ARM assembler instructions

Moreover, all instruction lines that start with one of the following ARM assembler mnemonics (case-ignorantly) are considered as ready-to-use ARM instructions (without further syntax analysis, only variable names will be replaced by register names and unprefixed integer literals will be prefixed with '#'):
add, adc, adcs, and, asr, b, bic, bkpt, cdc, cdp, clz, cmn, cmp, cpsid, cpsie, cpy, eor, ldc, ldm, ldr, lsl, lsr, mcr, mla, mov, mrc, mrrc, mrs, msr, mul, orr, pkhbt, pkhtb, rev, rfe, ror, rrx, rsb, rsc, sel, setend, sbc, smla, smlsd, smmla, smmls, smuadx, srs, ssat, stc, stm, str, sub, swi, sxtab, sxtah, sxtb, sxth, teq, tst, usat, uxtab, uxtah, uxtb, uxth.

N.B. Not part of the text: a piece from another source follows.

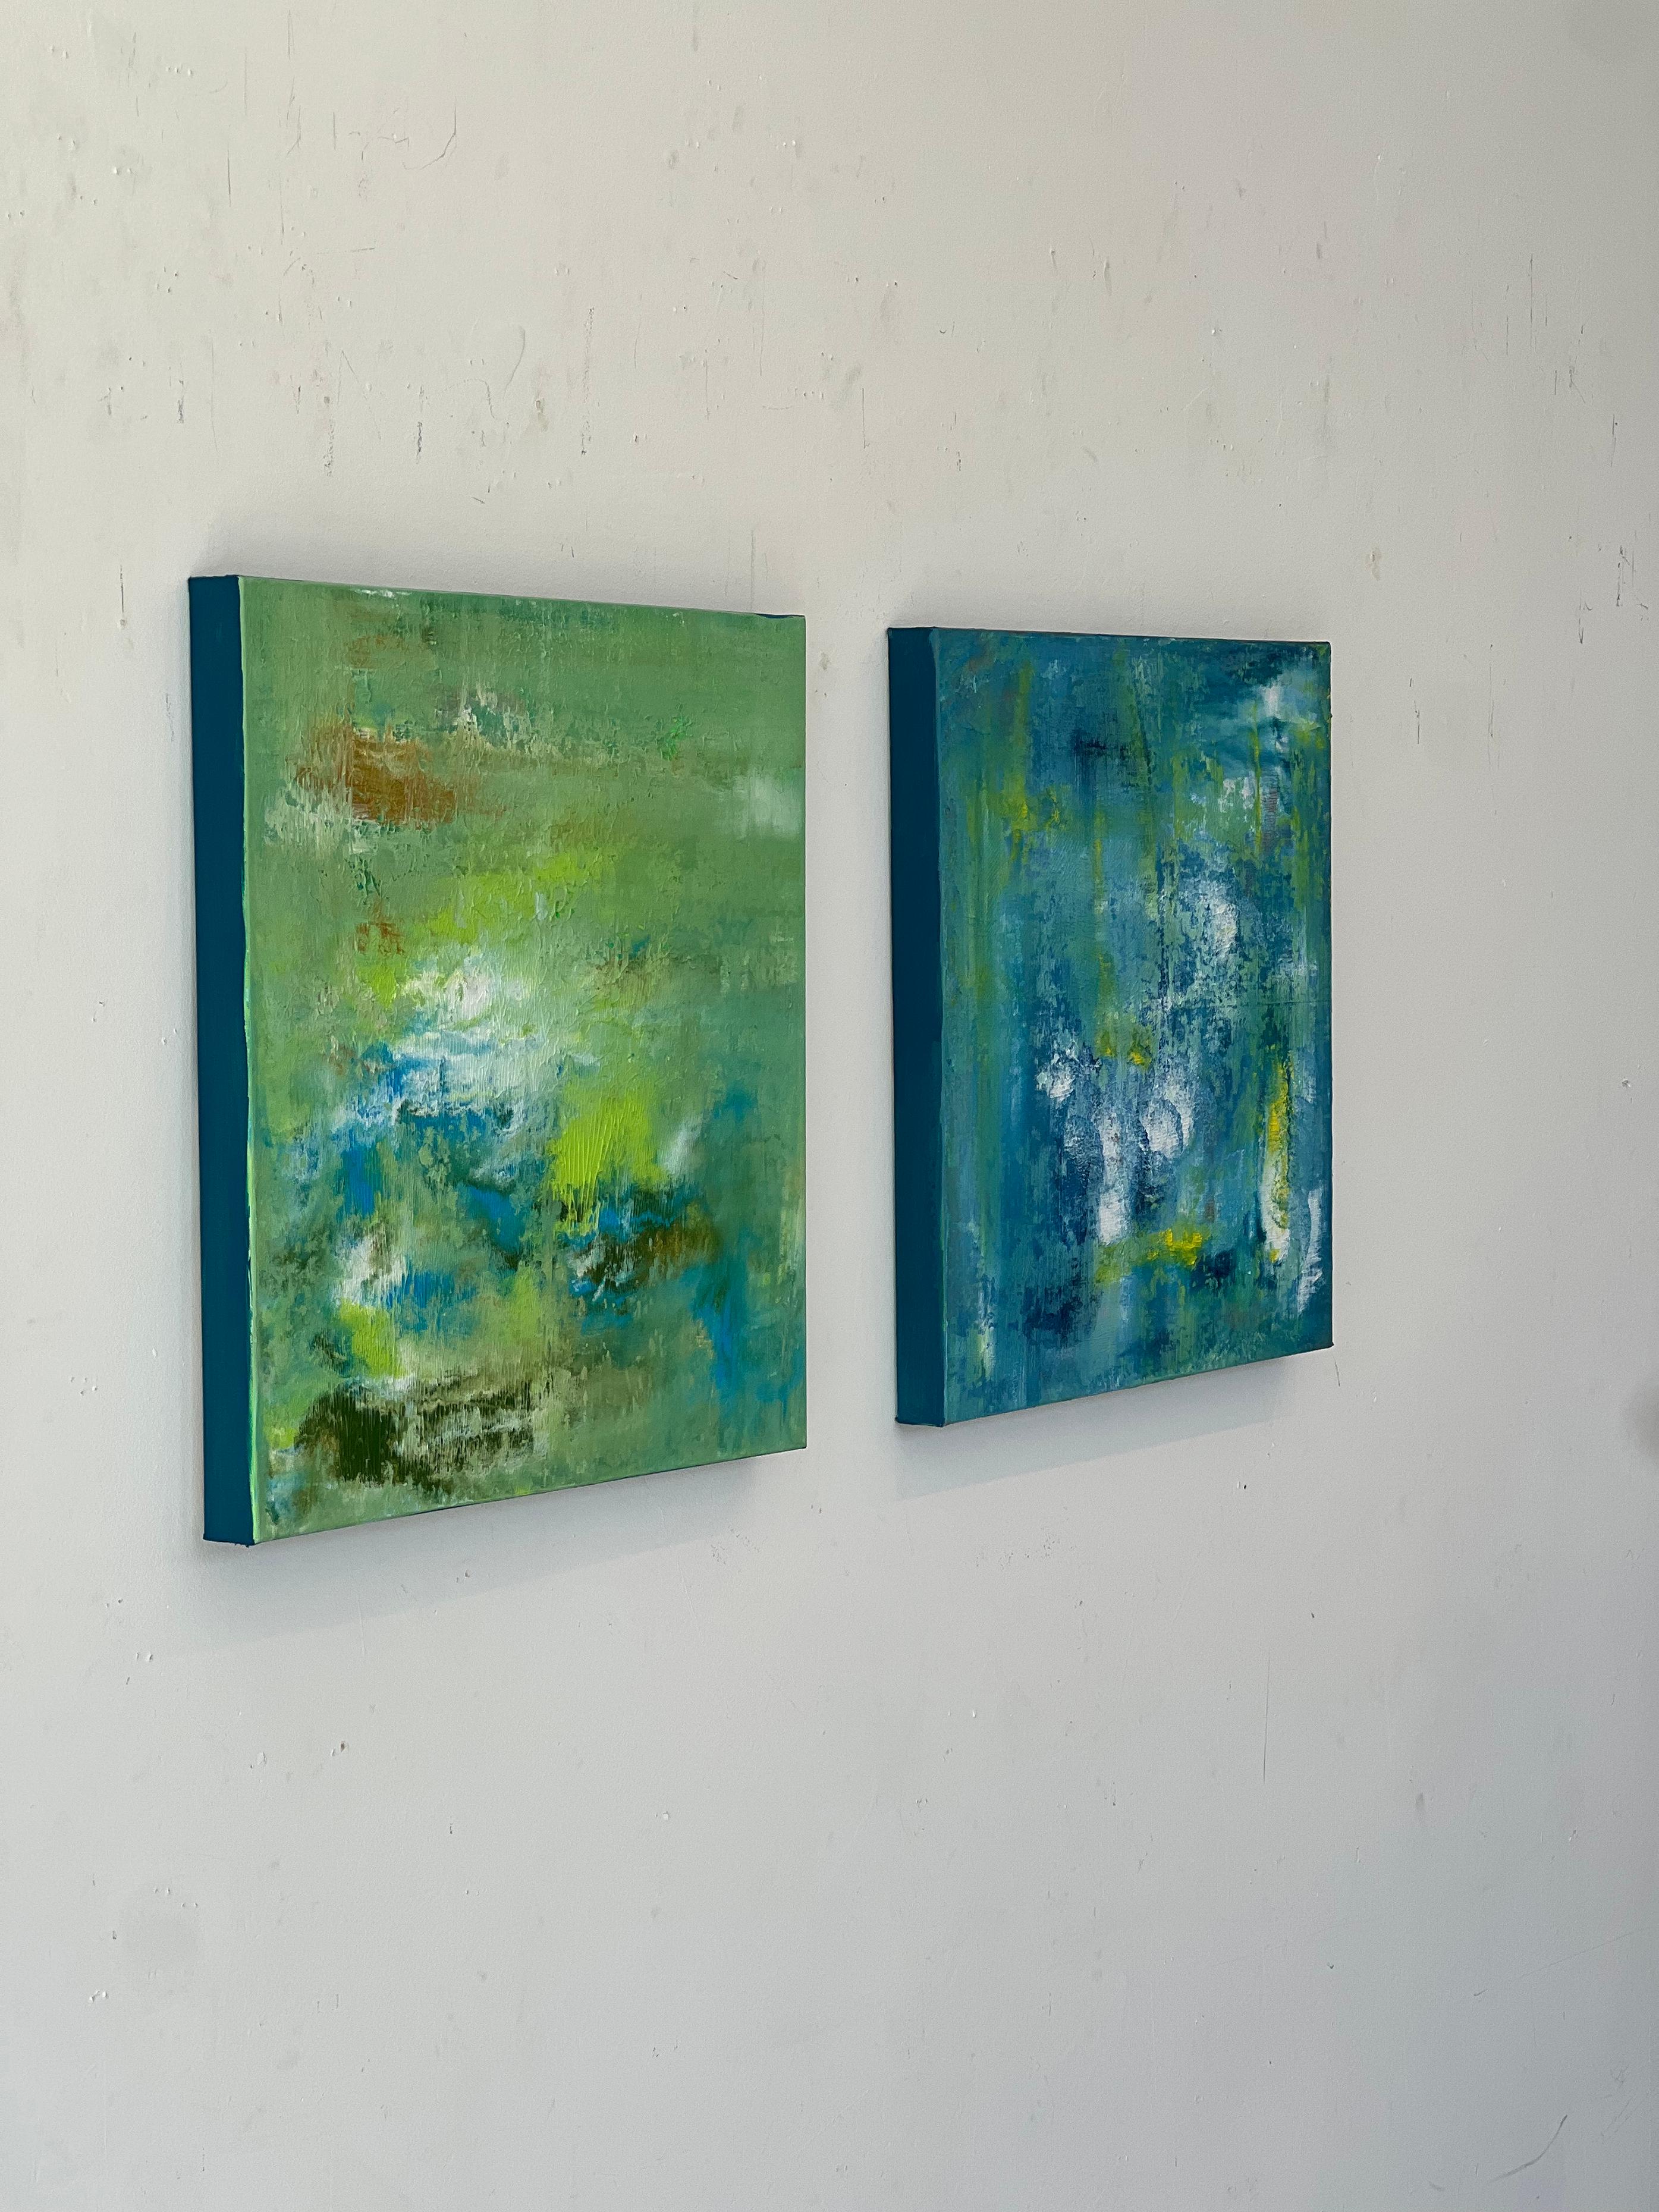 Diptych Opal 1 & 2 - acrylic on canvas - Blue Abstract Painting by Nina Weintraub

Consequences of ARM syntax limitations

The following screenshot shows the consequences of the syntax limitations. The restrictive syntax check complains about the input instruction with prompt string, whereas the code preview demonstrates that ARM generator actually copes with it. It produces more efficient code than from sequences of single input/output elements, by the way since repeated assignments to the address register can be omitted:

Syntax check and compilation result

The above complained assignment expression with two operators can still not be converted, indeed.